Will the training framework do upsampling when train-num-samples is far more than the amount of actual data

zwsjink opened this issue 9 months ago · comments

In the Datacomp paper,

there is only 14M data left after image-based filtering & clip score thresholding step under medium scale , however the train-num-samples is equal to 128M/5epoch = 25600000 / epoch , which is larger than 14M, so I suppose the open_clip will do an upsampling to the data, am I correct?

Jinkai · Answer 1 · Fri Sep 08 2023 21:41:49 GMT+0800 (China Standard Time)

by saying "upsampling", I mean some data will appear more than once during an individual epoch.

Gabriel Ilharco · Answer 2 · Fri Sep 08 2023 23:55:51 GMT+0800 (China Standard Time)
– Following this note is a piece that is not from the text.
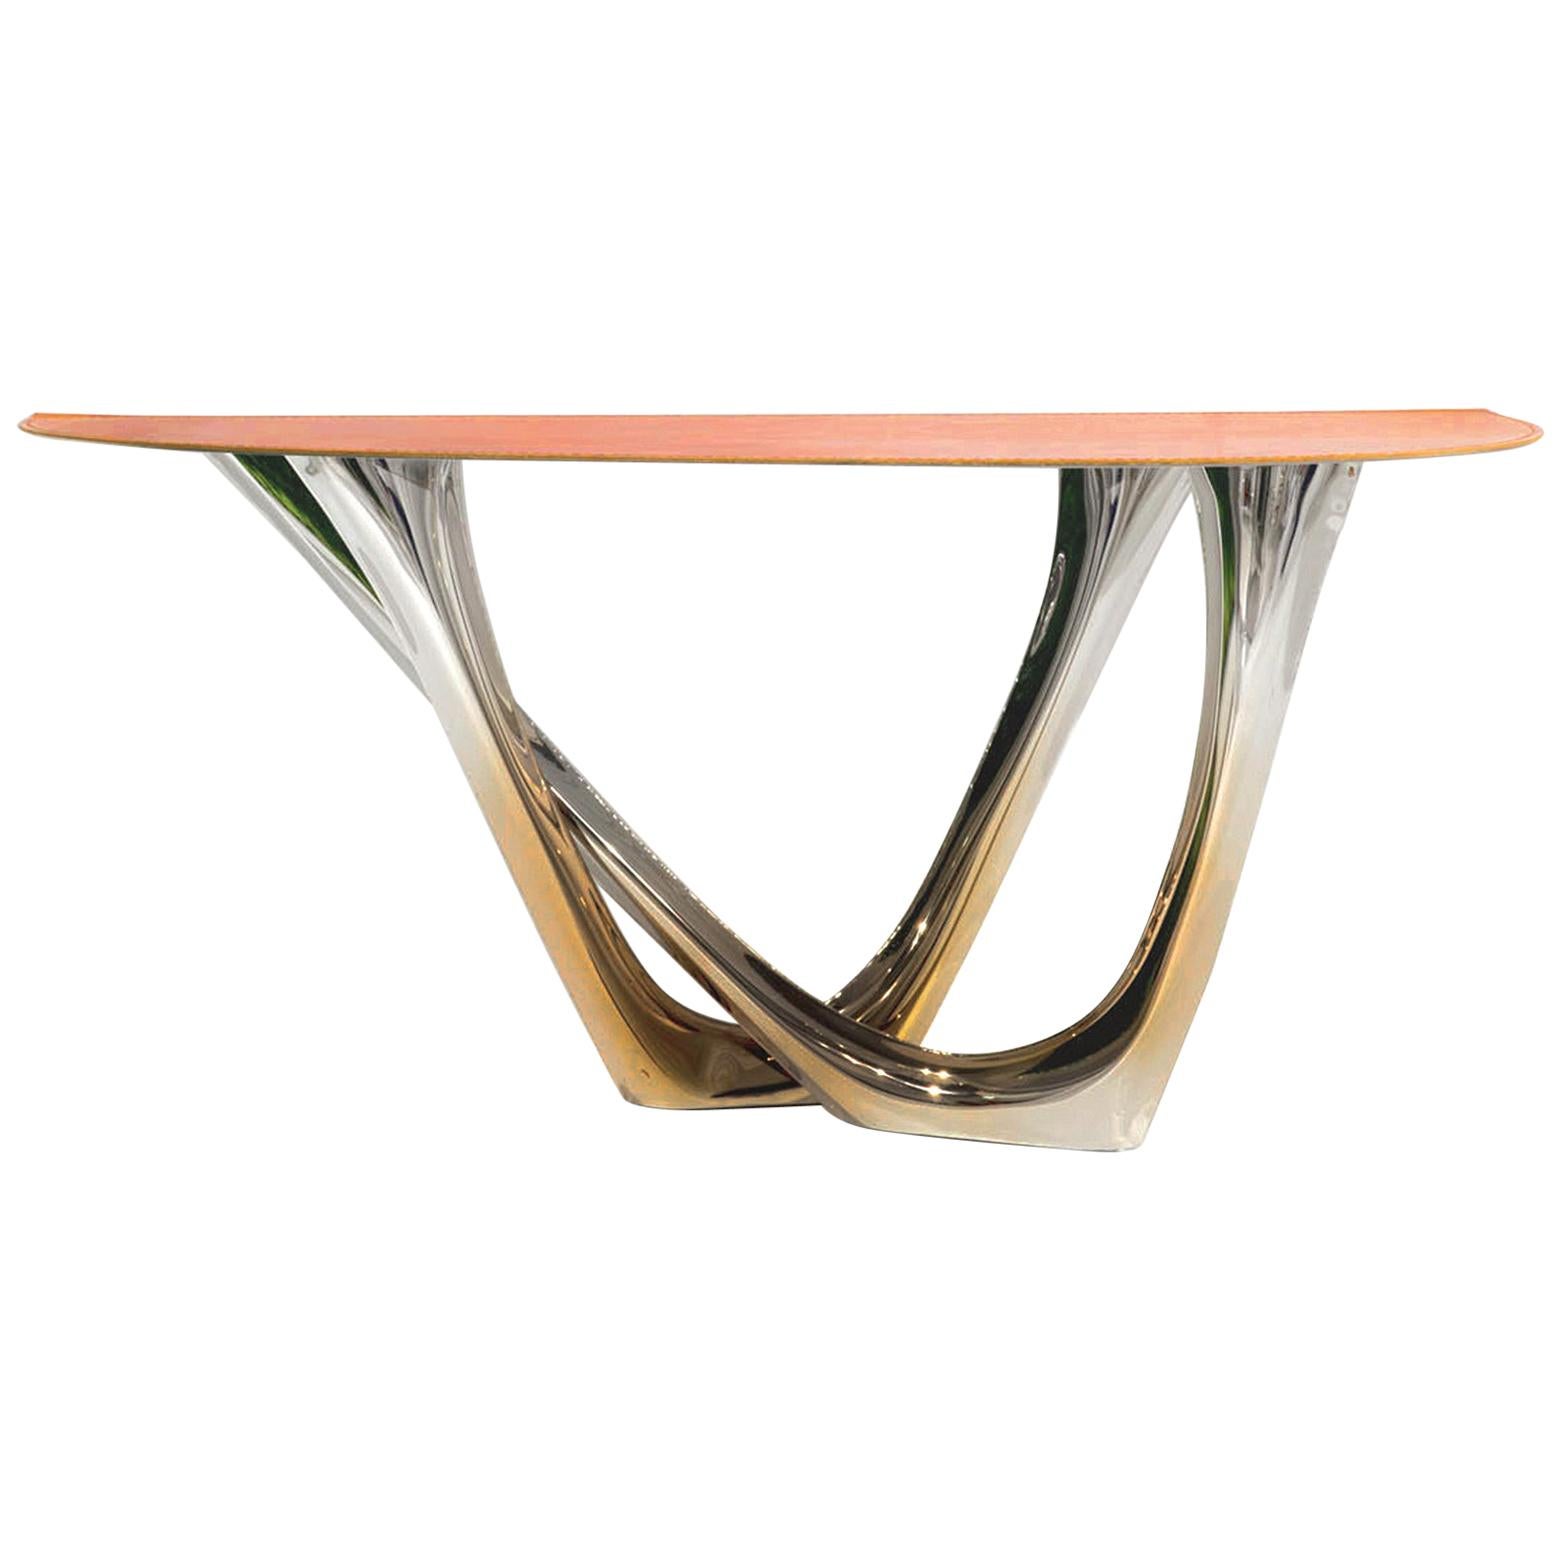 G-Console Duo Table in Gold Flamed Stainless Steel Leather Top by Zieta

Hey @zwsjink. Yes, that will happen (regardless of the sampling strategy, by the pigeonhole principle). Also note that the training script samples datapoints with replacement.

Jinkai · Answer 3 · Sat Sep 09 2023 00:43:45 GMT+0800 (China Standard Time)

Hey @zwsjink. Yes, that will happen (regardless of the sampling strategy, by the pigeonhole principle). Also note that the training script samples datapoints with replacement.

I see. So when you are saying "with replacement" ,do you mean this

parser.add_argument(
        "--dataset-resampled",
        default=False,
        action="store_true",
        help="Whether to use sampling with replacement for webdataset shard selection."
    )

option, so that we not only shuffle between shards but also within shards to achieve more randomness?

Gabriel Ilharco · Answer 4 · Sat Sep 09 2023 00:48:11 GMT+0800 (China Standard Time)

Yes, every time a worker needs a new shard, they sample uniformly from the pool of all shards. The samples in a shard are used to fill a shuffle buffer, from which samples are drawn at random.

Jinkai · Answer 5 · Sat Sep 09 2023 01:04:01 GMT+0800 (China Standard Time)

Yes, every time a worker needs a new shard, they sample uniformly from the pool of all shards. The samples in a shard are used to fill a shuffle buffer, from which samples are drawn at random.

Thanks for the clarification. :D

Jinkai · Answer 6 · Tue Sep 12 2023 10:01:54 GMT+0800 (China Standard Time)

Yes, every time a worker needs a new shard, they sample uniformly from the pool of all shards. The samples in a shard are used to fill a shuffle buffer, from which samples are drawn at random.

sorry to bother, but what is the difference between two checkpoints i get after training ? I see one named epoch_5.pt and another epoch_latest.pt , I do see the original config for number of training epochs is equal to 5, so I believe these two checkpoints are same? but the file size looks different

Gabriel Ilharco · Answer 7 · Thu Sep 28 2023 20:57:34 GMT+0800 (China Standard Time)

That's a bit of a quirk from open_clip, the checkpoints should be the same

Gabriel Ilharco · Answer 8 · Thu Sep 28 2023 20:57:58 GMT+0800 (China Standard Time)

Closing for now, feel free to re-open if you have other questions!